Here's the file you need 

https://www.dropbox.com/s/d3vquldxfv7boot/calibration_board.pdf?dl=0


----------



## kevin#34 (Jan 8, 2019)

wonderful! 8) 
tanks soooo much!
just a question:
do I need to set-up a specific printing size, or it will be already the correct one?


----------



## phazer (Apr 2, 2018)

kevin#34 said:


> wonderful! 8)
> tanks soooo much!
> just a question:
> do I need to set-up a specific printing size, or it will be already the correct one?


PDF's can carry the print sizes but I'm not sure if this one does. I'd have thought it would as it's a bit useless otherwise.

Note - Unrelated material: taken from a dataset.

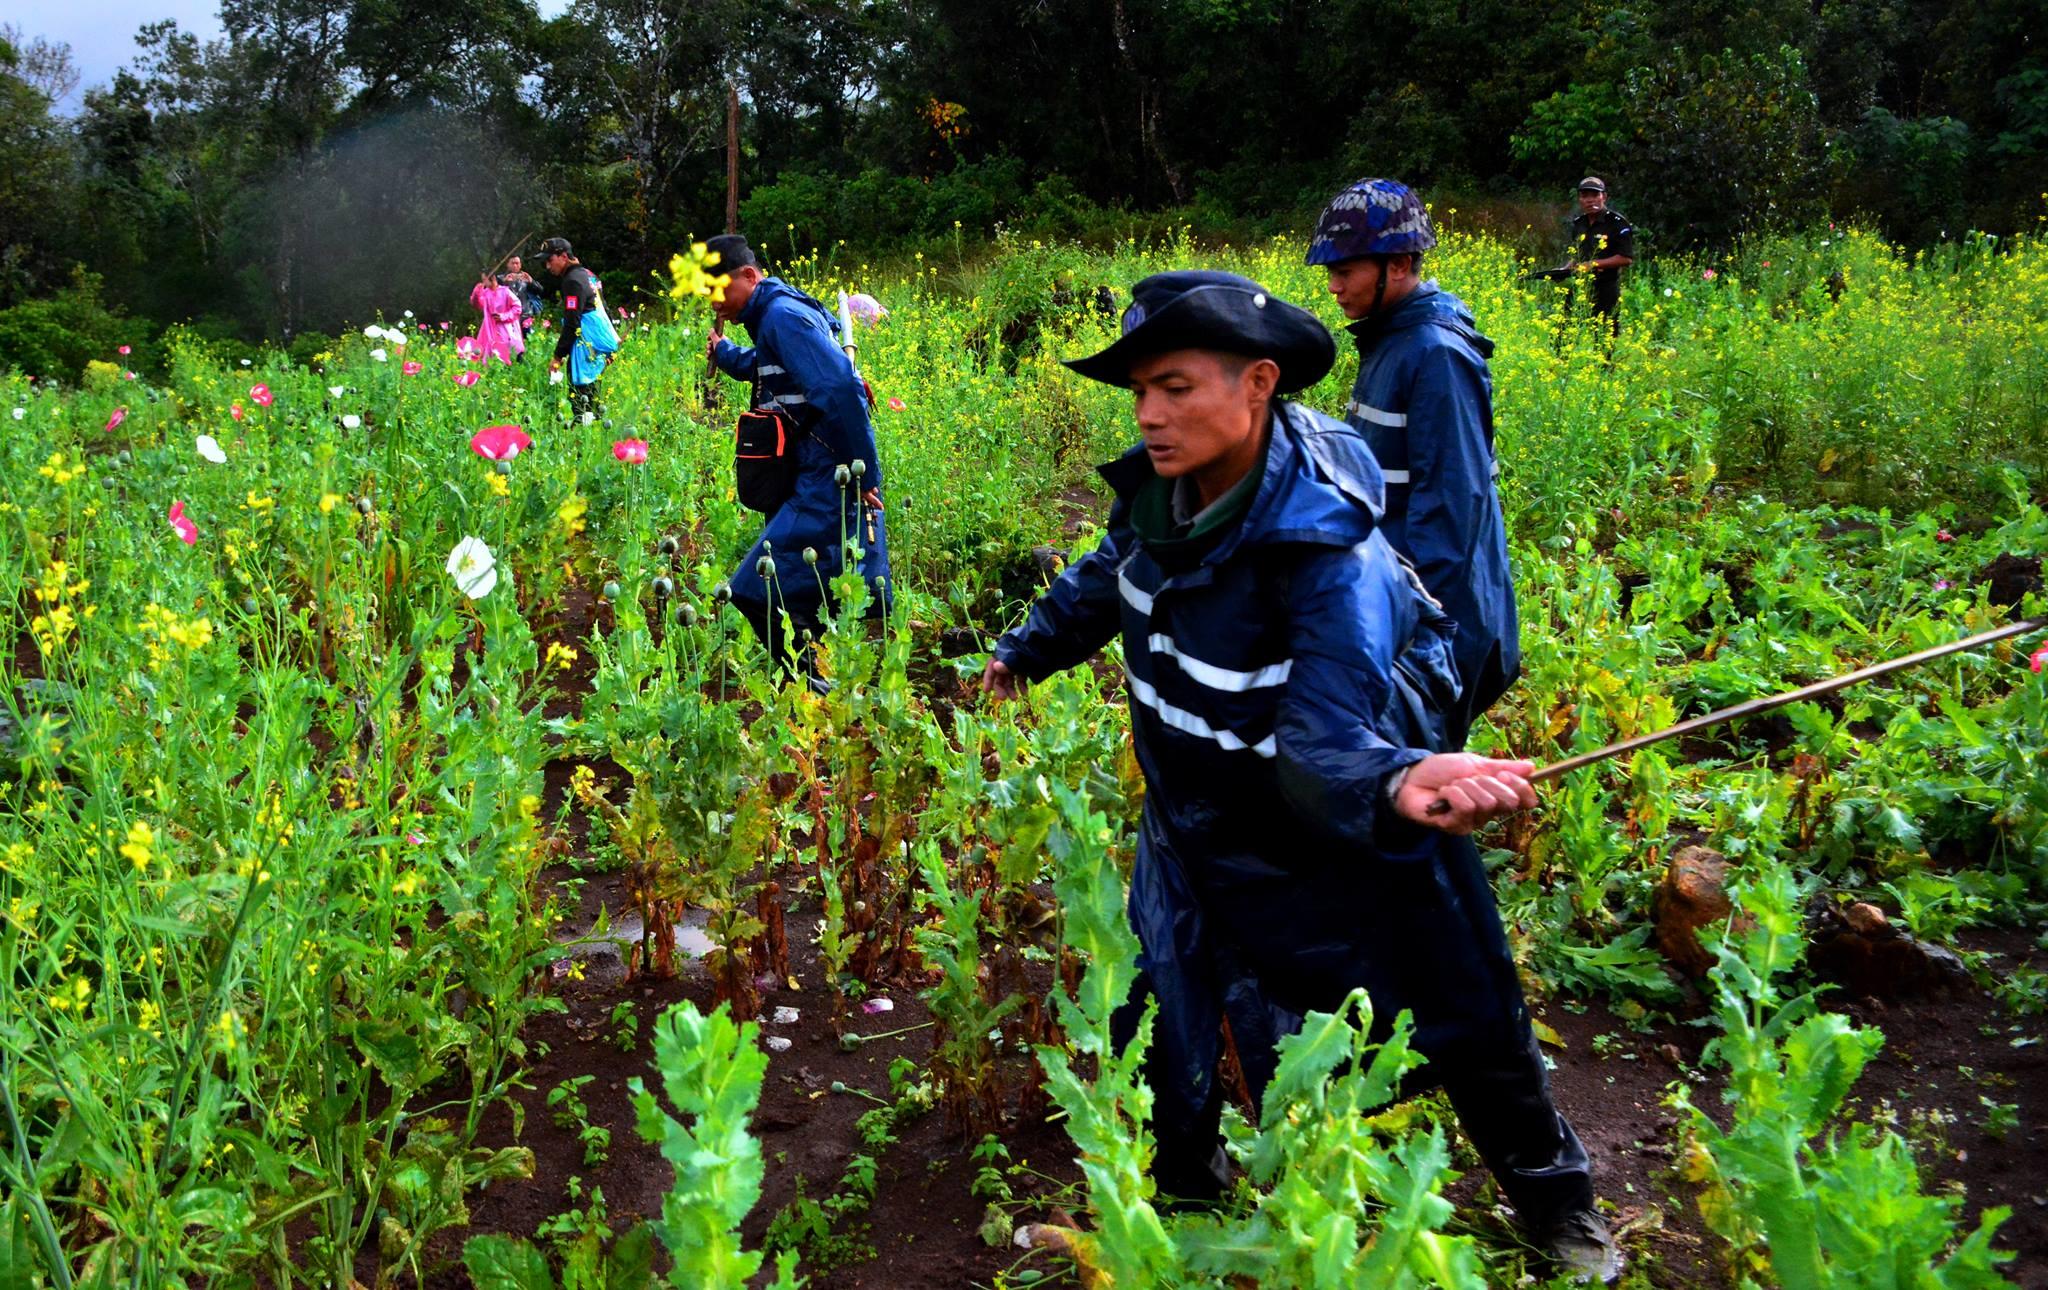 ဒေသတွင်း လိုက်လျောညီထွေဖြစ်တဲ့ အစားထိုးသီးနှံနဲ့ လျှော့ချရမယ့် ဘိန်းစိုက်ပျိုးမှု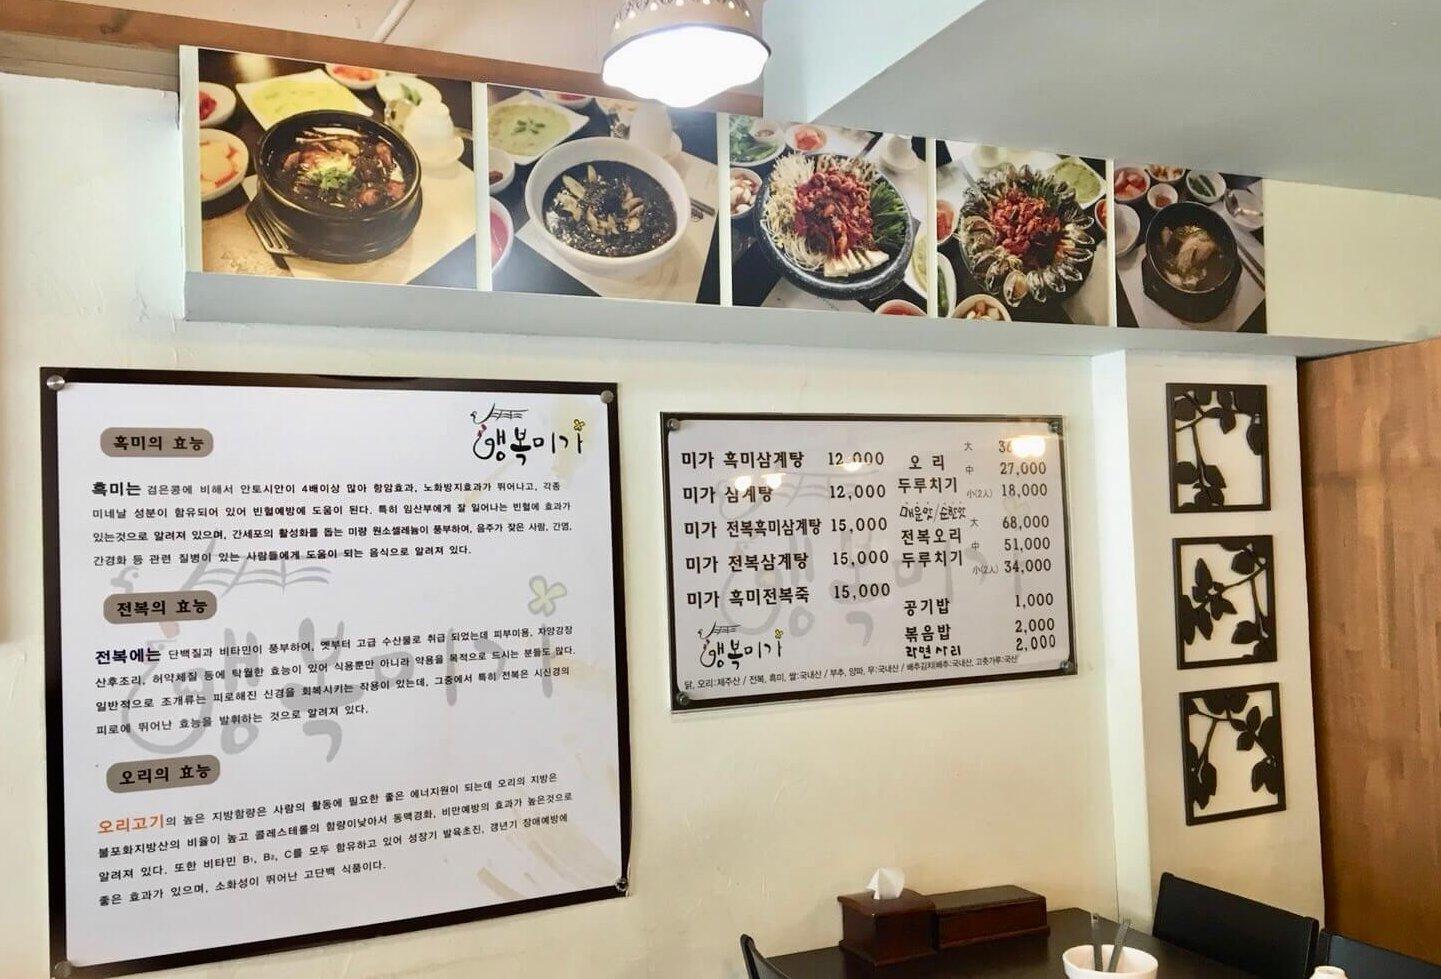 韓国・チェジュ島のサムゲタンのお店の内観

You'll need a big printer/plotter though!


----------



## kevin#34 (Jan 8, 2019)

ok, I will try to print the file as it is (have the possibility to use a big plotter)..
ideally, would be good to know which dimensions (length x width) the board must have once printed, I will searching for that


----------



## robokn (Feb 21, 2006)

Just ordered mine, how long did it take to arrive and the fault code is that sat in ECU or
does it PPEr on screen??


----------



## kevin#34 (Jan 8, 2019)

in my case (Hungarian seller), it was quite rapid, around 5/6 working days...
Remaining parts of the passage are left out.